The methods and processes described herein may be tied to a computing system of one or more computing devices. In particular, such methods and processes may be implemented as an executable computer-application program, a network-accessible computing service, an application-programming interface (API), a library, or a combination of the above and/or other compute resources.

FIG. 9 schematically shows a simplified representation of a computing system 900 configured to provide any to all of the compute functionality described herein. Computing system 900 may take the form of one or more personal computers, network-accessible server computers, tablet computers, home-entertainment computers, gaming devices, mobile computing devices, mobile communication devices (e.g., smart phone), virtual/augmented/mixed reality computing devices, wearable computing devices, Internet of Things (IoT) devices, embedded computing devices, and/or other computing devices.

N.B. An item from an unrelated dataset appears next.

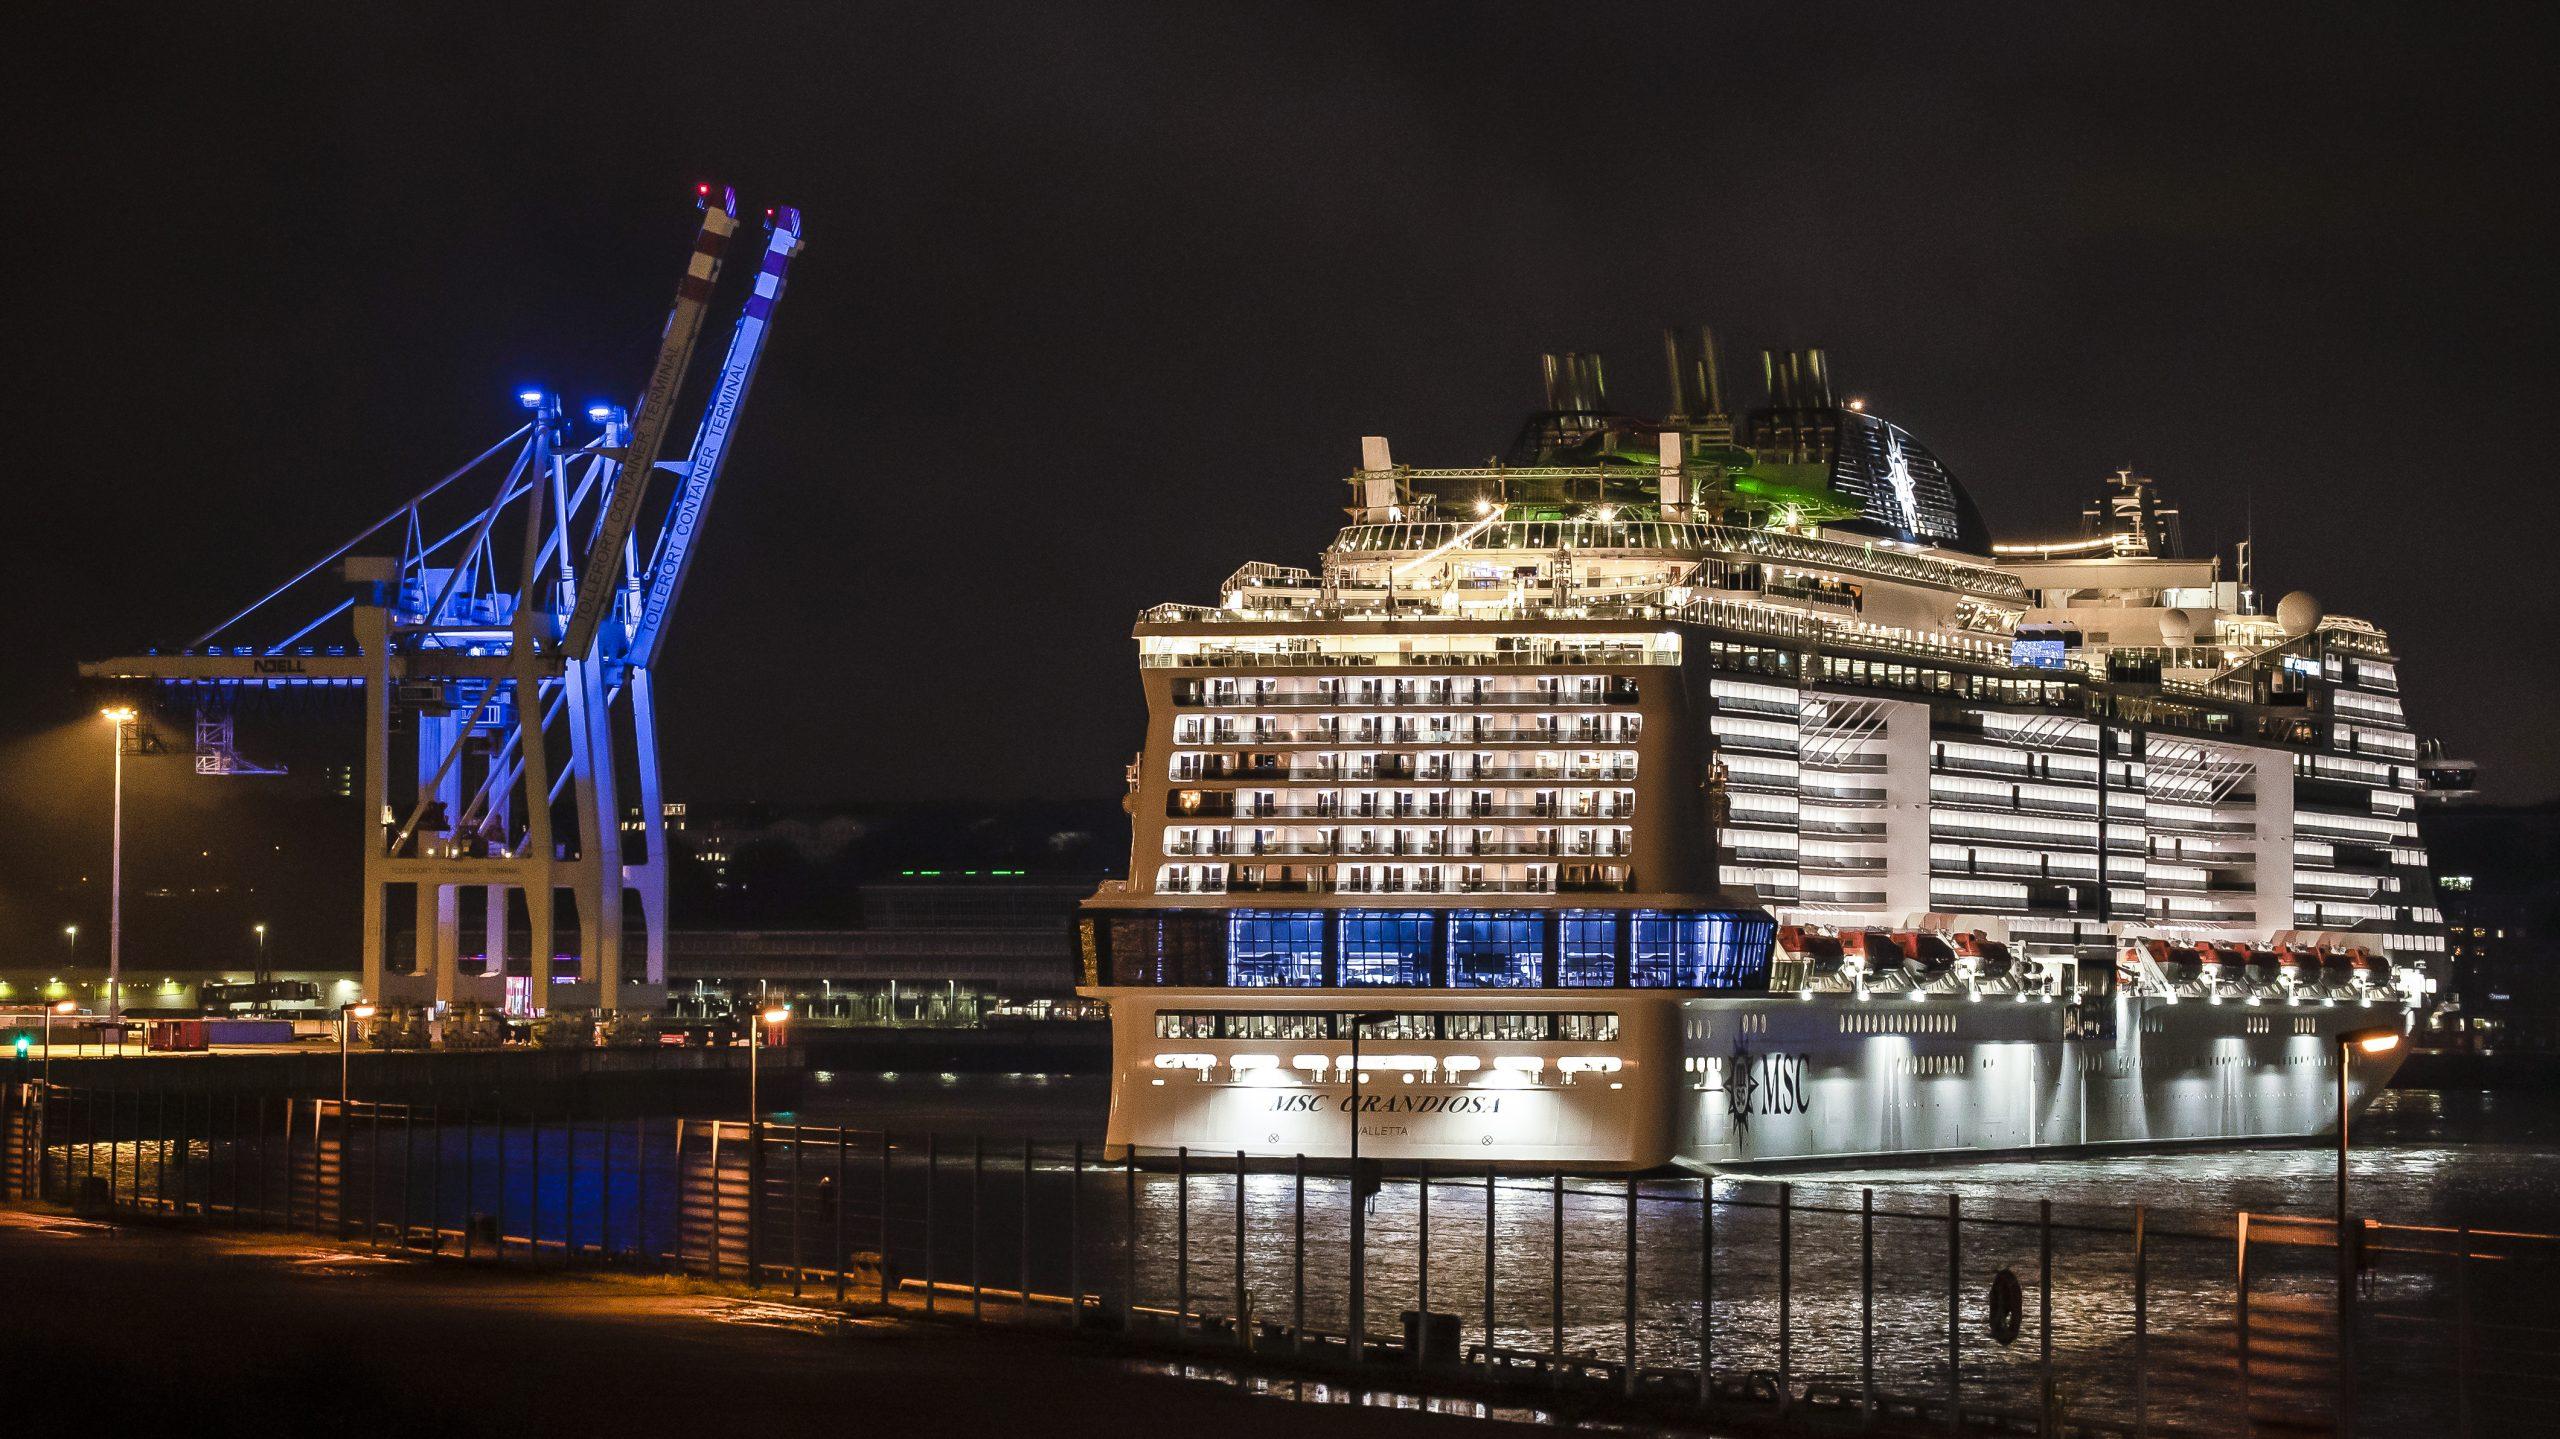 6 November 2019, MSC Grandiosa arrives in Hamburg (Ph. credit Perspektive Media)

Computing system 900 includes a logic subsystem 910 and a storage subsystem 920. Computing system 900 may optionally include a display subsystem 930, input subsystem 940, communication subsystem 950, and/or other subsystems not shown in FIG. 9. Callbacks—FIGS. 2/3

Logic subsystem 910 includes one or more physical devices configured to execute instructions. For example, the logic subsystem may be configured to execute instructions that are part of one or more applications, services, or other logical constructs. The logic subsystem may include one or more hardware processors configured to execute software instructions. Additionally or alternatively, the logic subsystem may include one or more hardware or firmware devices configured to execute hardware or firmware instructions. Processors of the logic subsystem may be single-core or multi-core, and the instructions executed thereon may be configured for sequential, parallel, and/or distributed processing. Individual components of the logic subsystem may optionally be distributed among two or more separate devices, which may be remotely located and/or configured for coordinated processing. Aspects of the logic subsystem may be virtualized and executed by remotely-accessible, networked computing devices configured in a cloud-computing configuration.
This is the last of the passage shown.